Soon she decided that enough was enough and decided to move on to a more peaceful place. She sat up and gave us the photos that made the entire trip go from average to superb.


Finally the majestic cat turned its back on us and set off to find a better resting place. The kids had already disappeared over the ridge. We said goodbye to mom with some more photos before she went out of range for the cameras. Then we just watched her walk away into the jungle.


My friend finally had a smile on his face. We had come hoping to see a tiger and come away seeing a family of leopards. This unexpected nature of safaris is what makes it fun.
There was still some time left for us to move out so we returned to the waterhole we had started the day with.

As if on cue we got a peacock trying to seduce a peahen.
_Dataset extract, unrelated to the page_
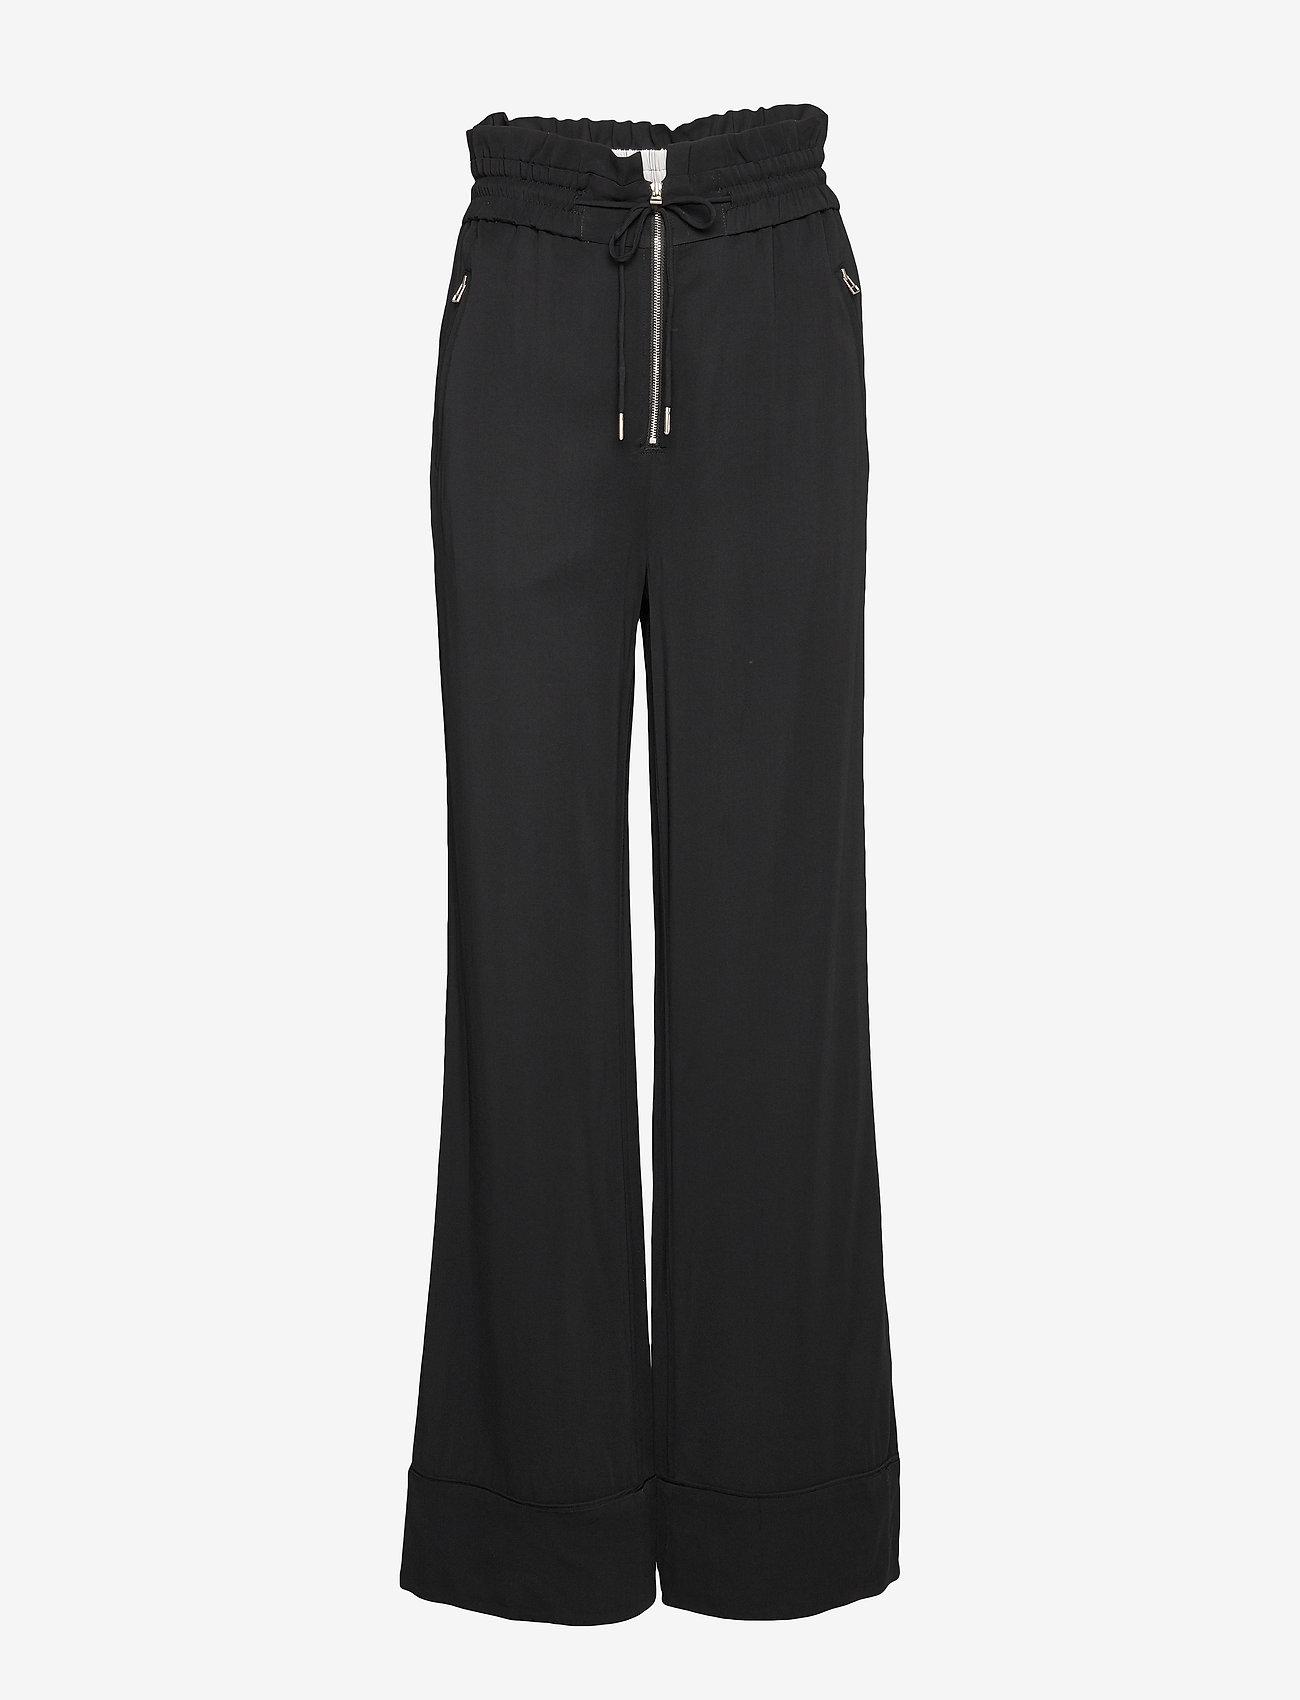 Noa Noa - Trousers - pantalons larges - black

The poor guy danced away for a good ten minutes. (My friend has it on video!) But alas it wasn’t enough to impress the choosy peahen who walked away unflustered.

That left the poor guy wondering what he had done wrong! He wound up his show and left. That was the cue for us to leave and we exited the park with a smile on our face.
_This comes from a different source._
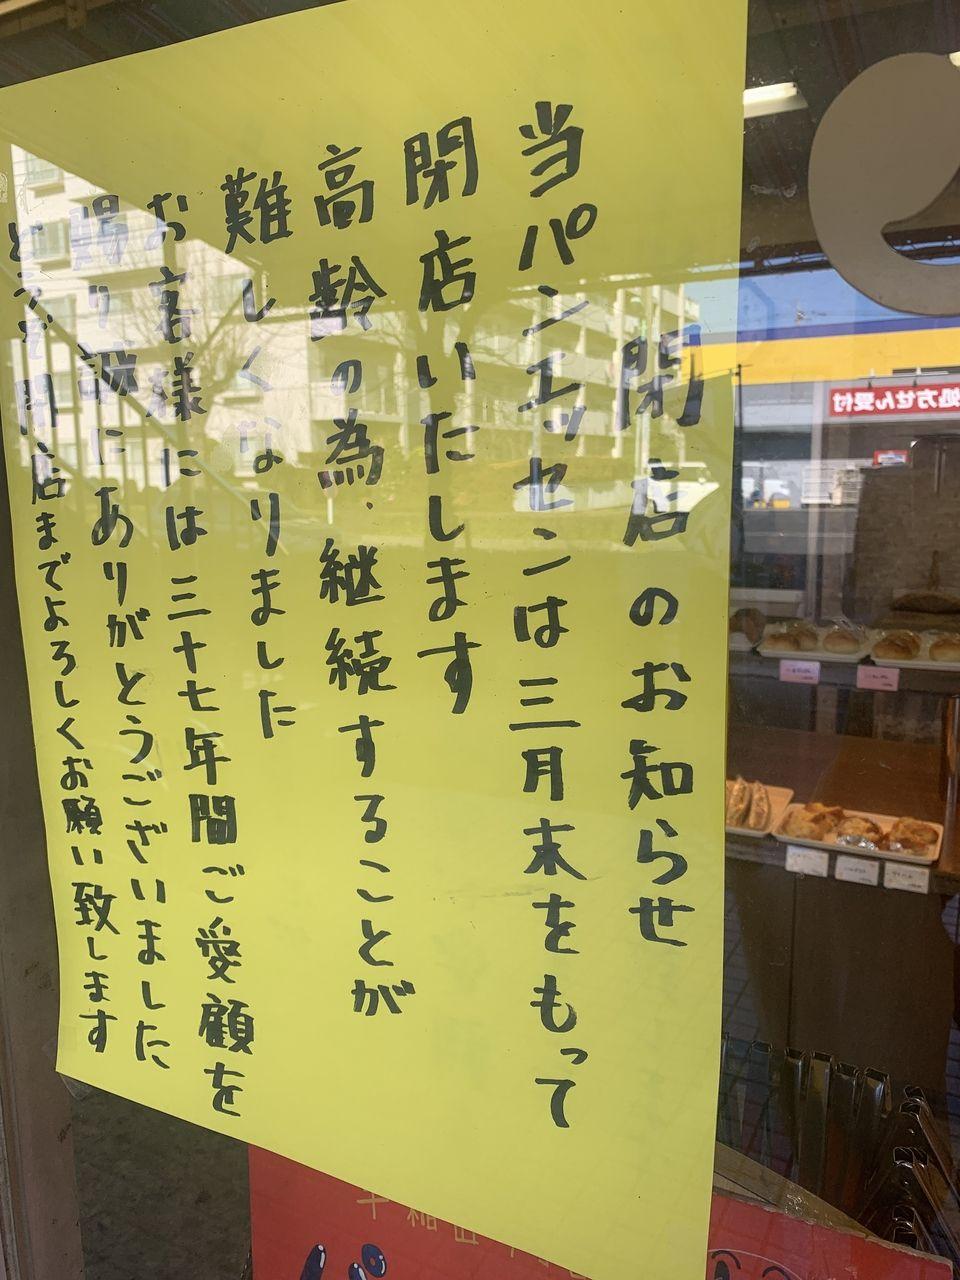 【三郷市食べ歩きブログ】三郷市早稲田7丁目にある「パンエッセン」が3月末で閉店するようです・・・

We picked up our bags from the Kipling court where our vehicle had arrived to take us back to Nagpur.


We would soon be back to Mumbai where our routines awaited & would keep us busy as always. But it had been a great short trip to an under appreciated national park and memories of Mowgli’s stomping grounds would be with us for a long time to come.

Till next time from a new series about a new destination.
Bye.
Great pics as always. Your love for the birds shines through. Thanks for carrying me on the safari.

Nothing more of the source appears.